» **Dataset excerpt**:
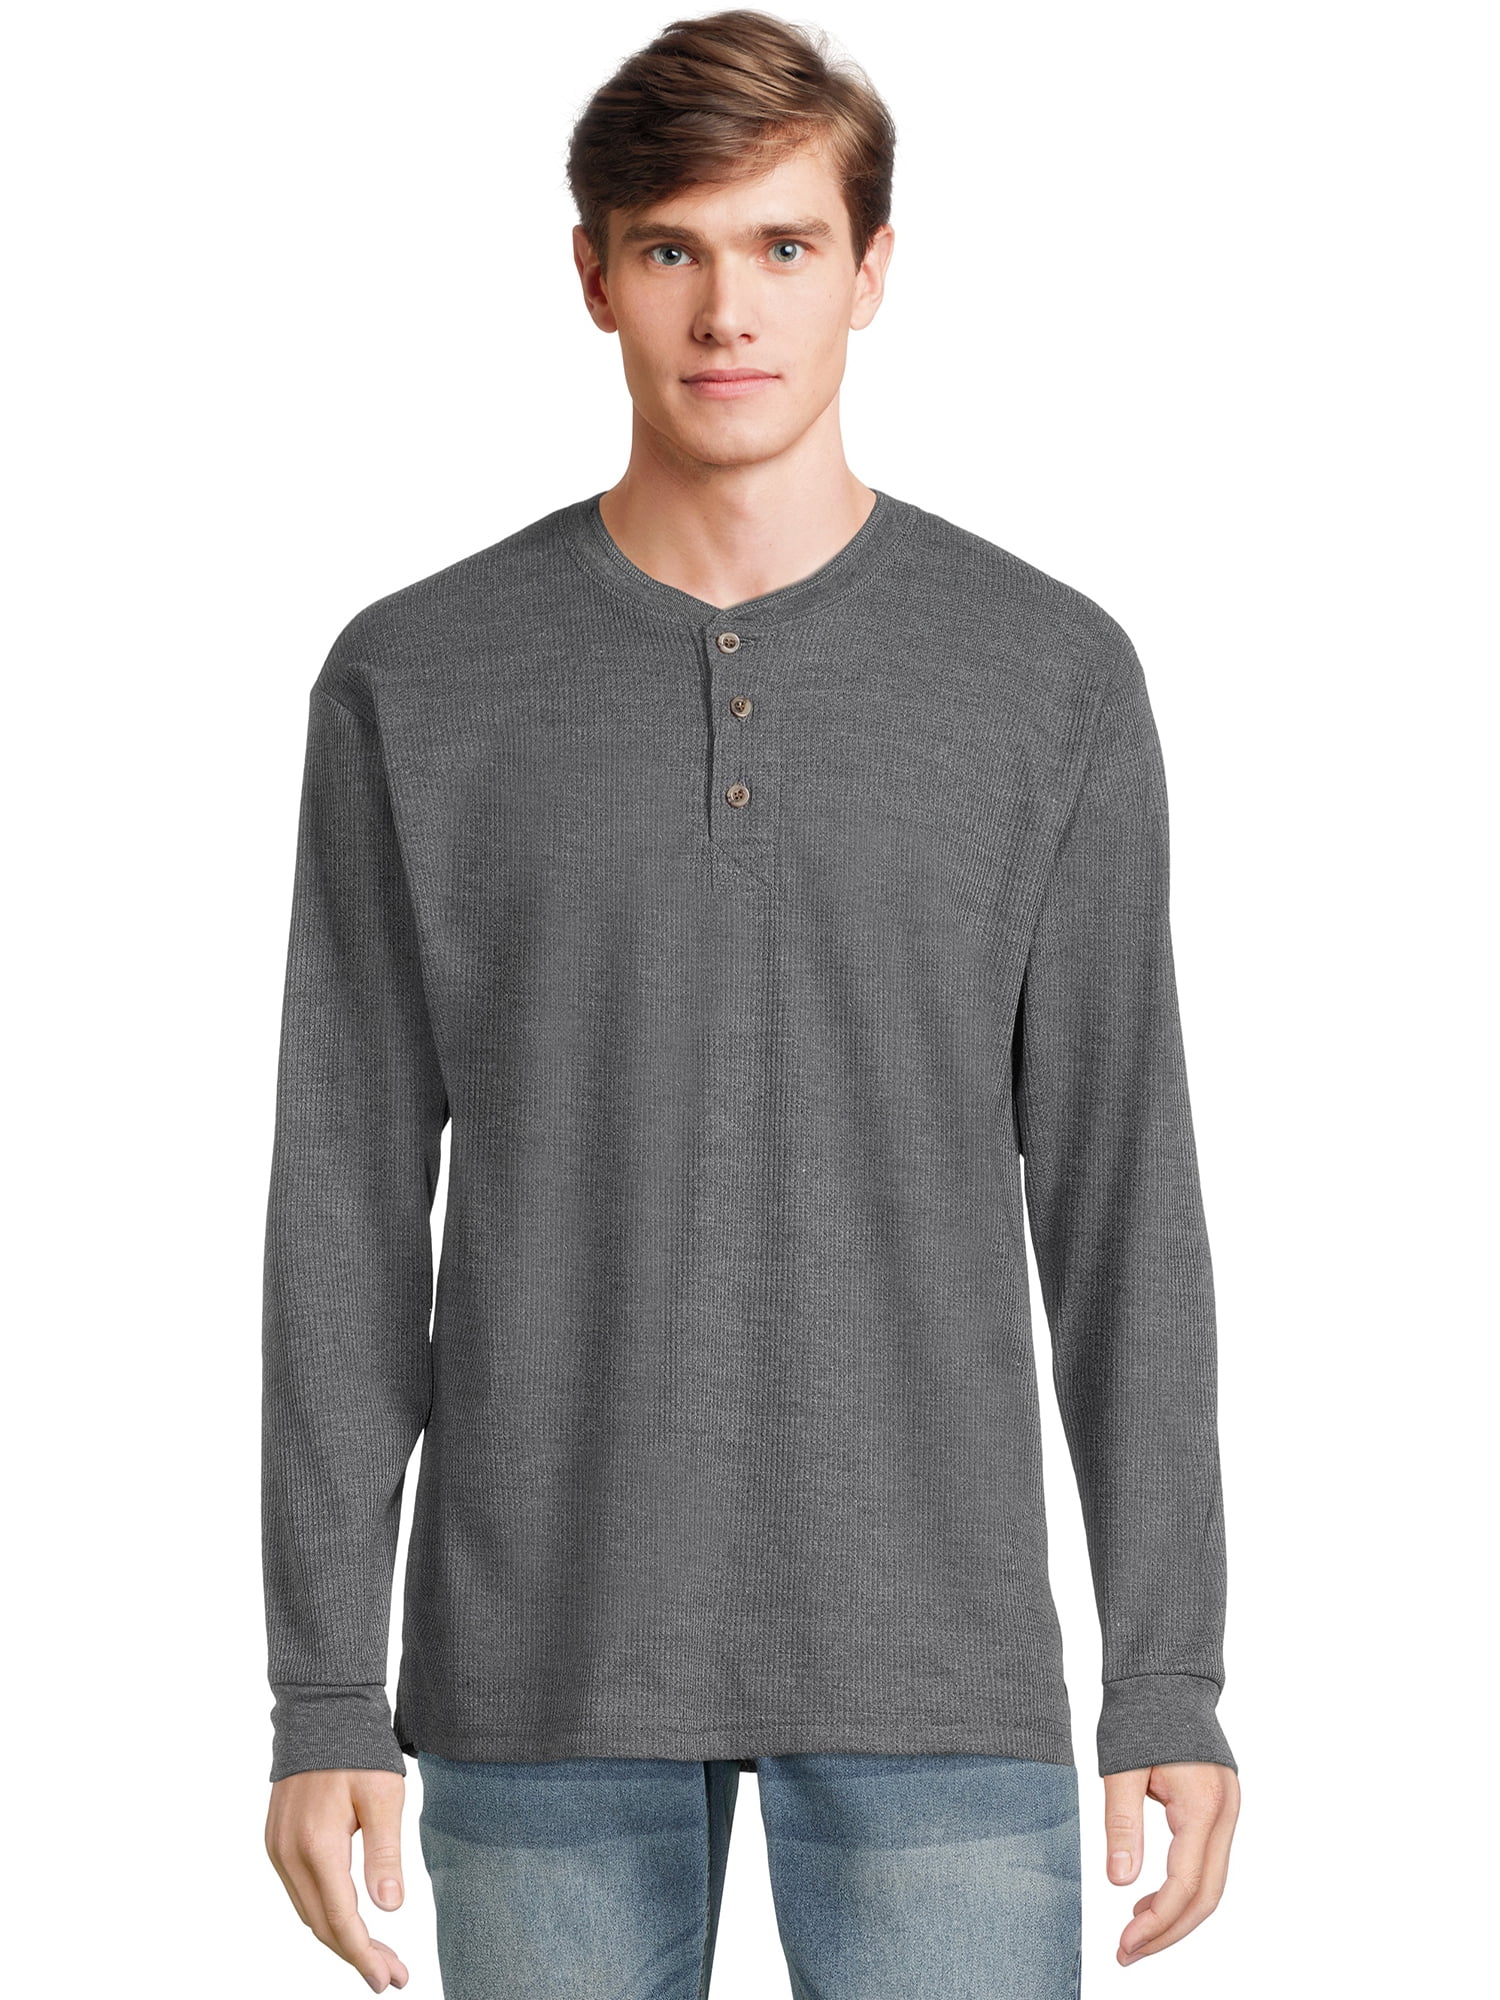 Smith & Eagle Men's Heavyweight Thermal Henley Shirt with Long
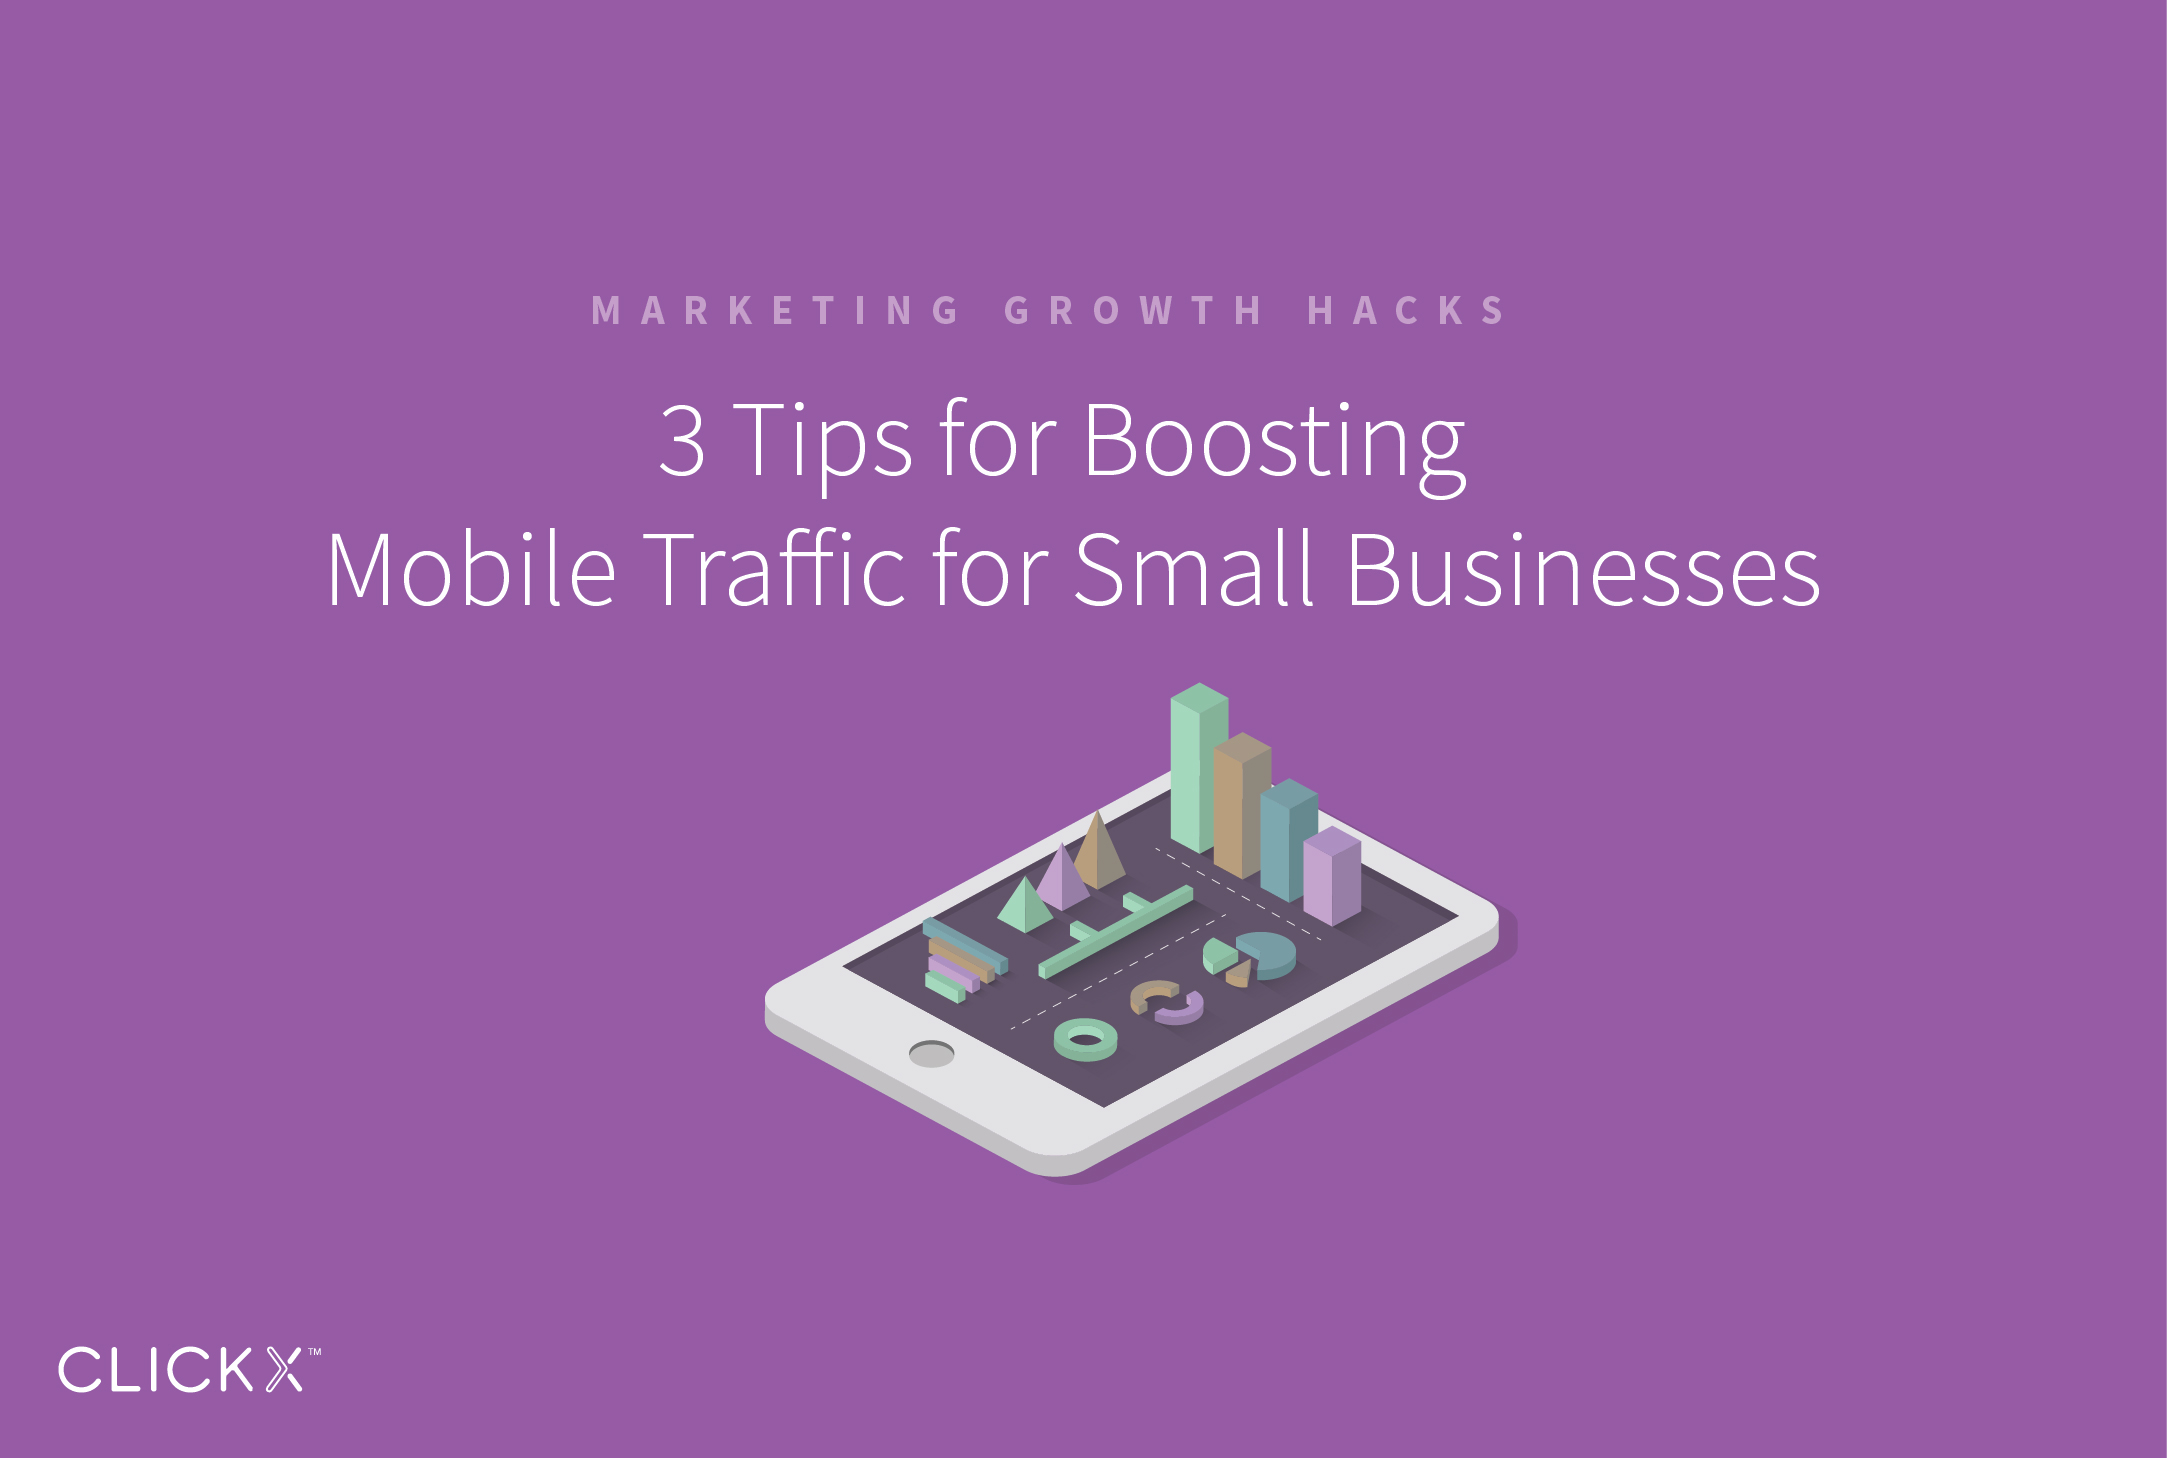 3 Tips for Boosting Mobile Traffic for Small Businesses
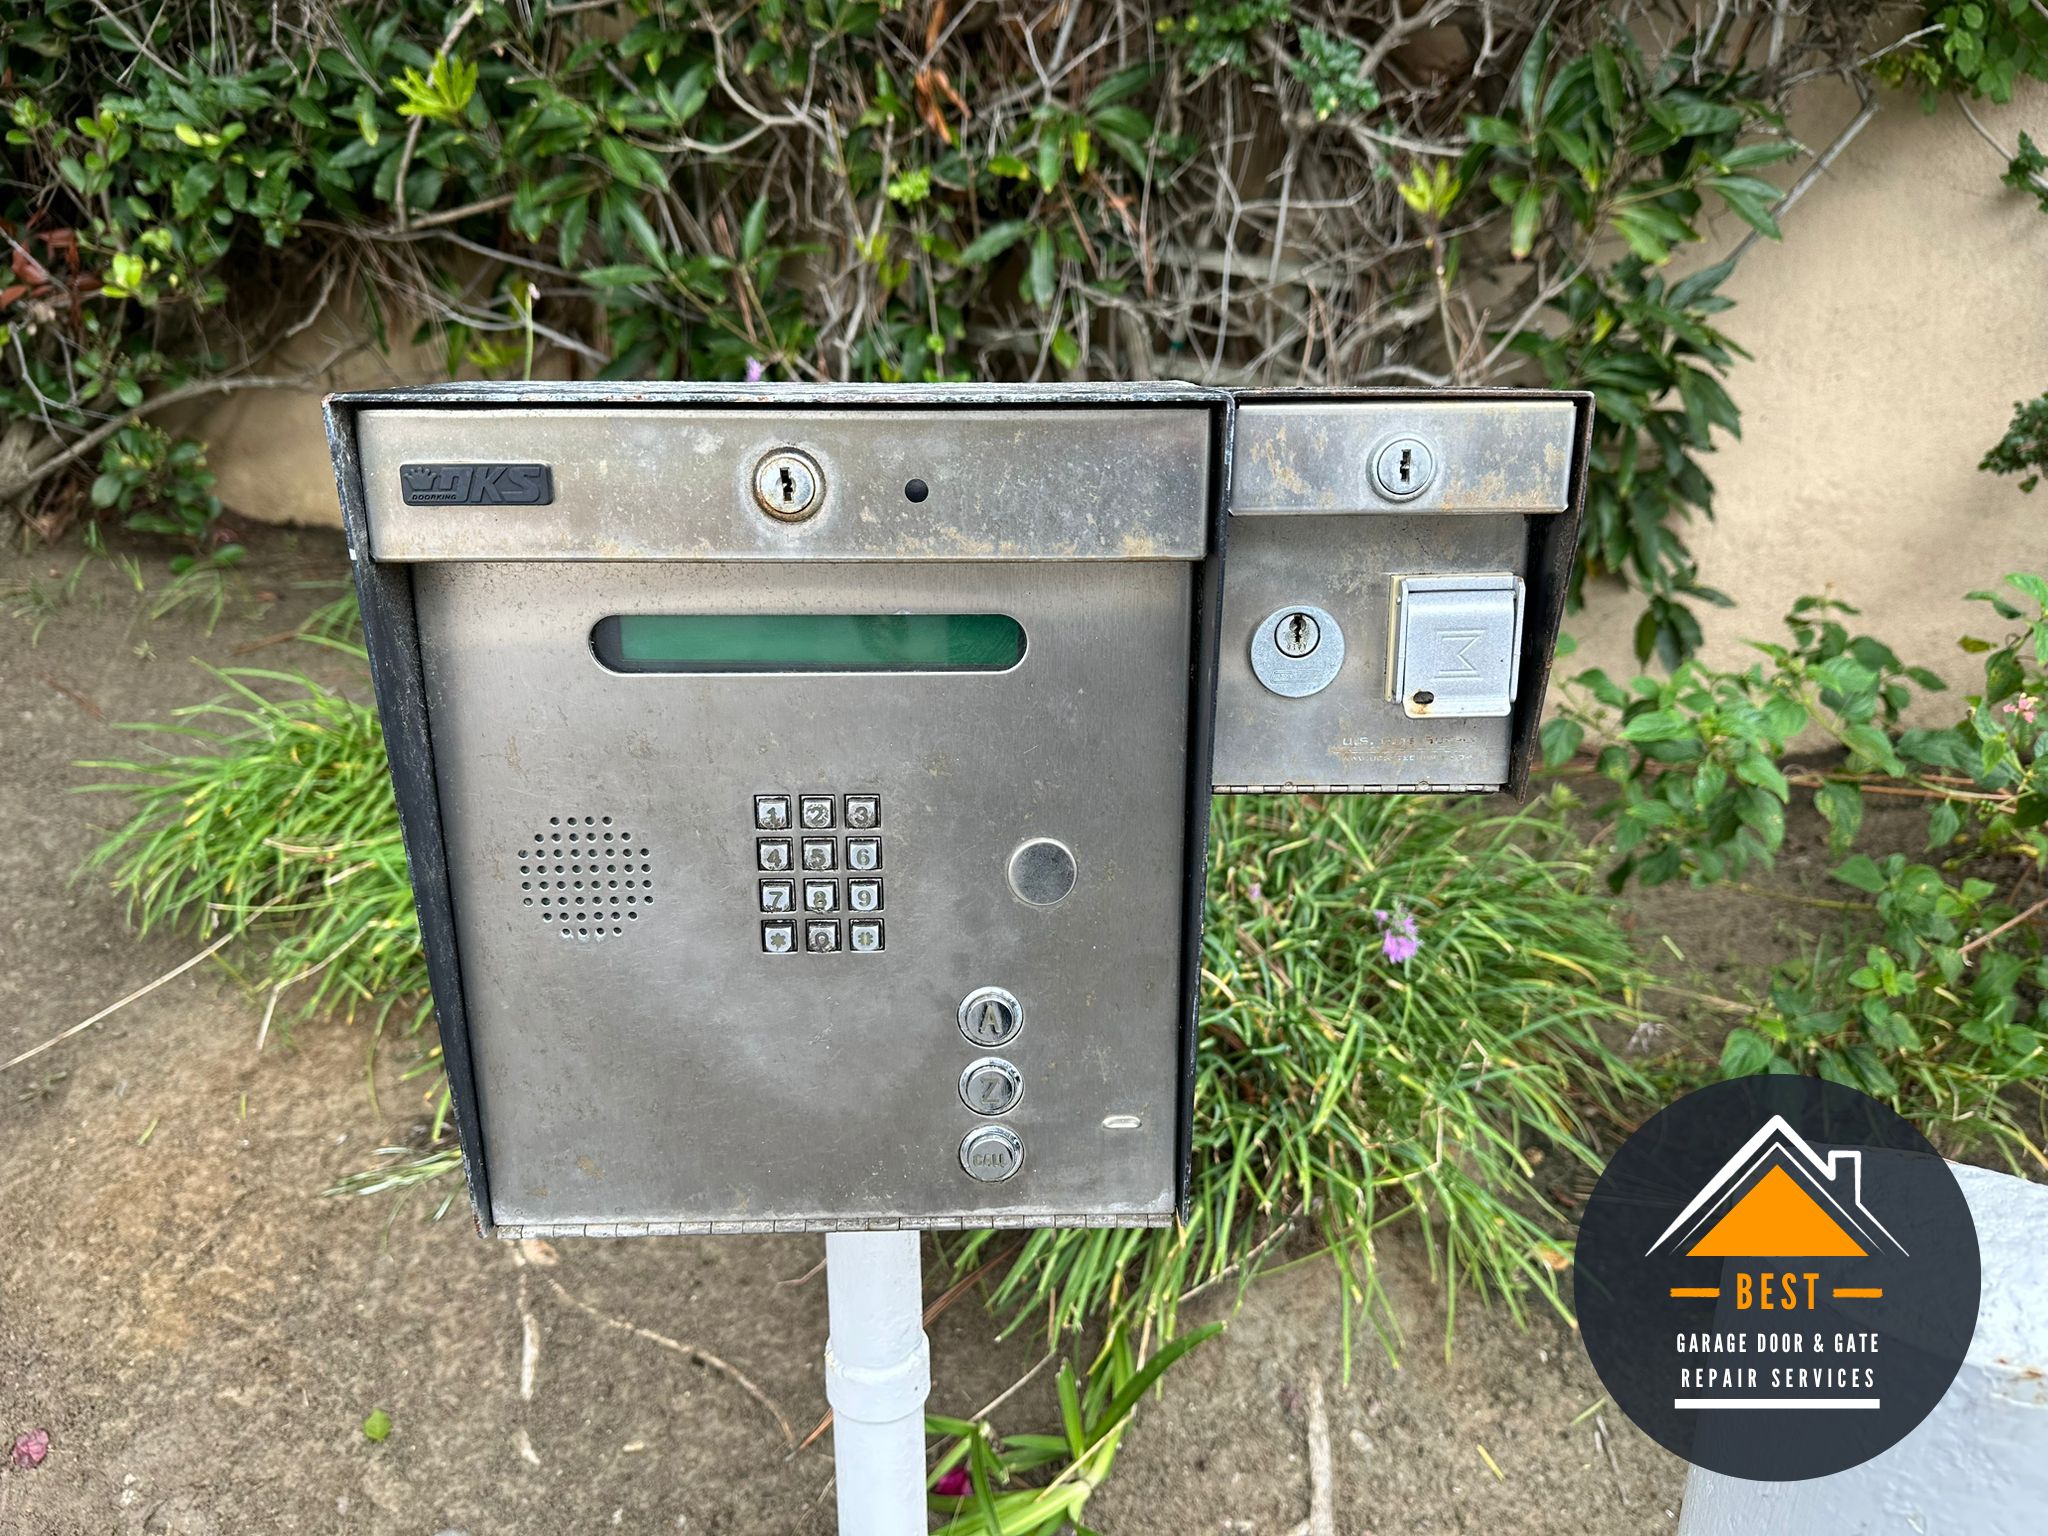 Bringing automatic gate system up to code to meet UL 325 universal codes. Replaced the DKS access control main board panel. Replaced exit and shadow loops with its loops detectors. Added new safety eyes sensors to ensure proper safety. Del Mar, CA 92014

» **What you are asked to do**: Write out the data above exactly as it appears, but without any image.

» **Result of the task**:
 Smith & Eagle Men's Heavyweight Thermal Henley Shirt with Long
 3 Tips for Boosting Mobile Traffic for Small Businesses
 Bringing automatic gate system up to code to meet UL 325 universal codes. Replaced the DKS access control main board panel. Replaced exit and shadow loops with its loops detectors. Added new safety eyes sensors to ensure proper safety. Del Mar, CA 92014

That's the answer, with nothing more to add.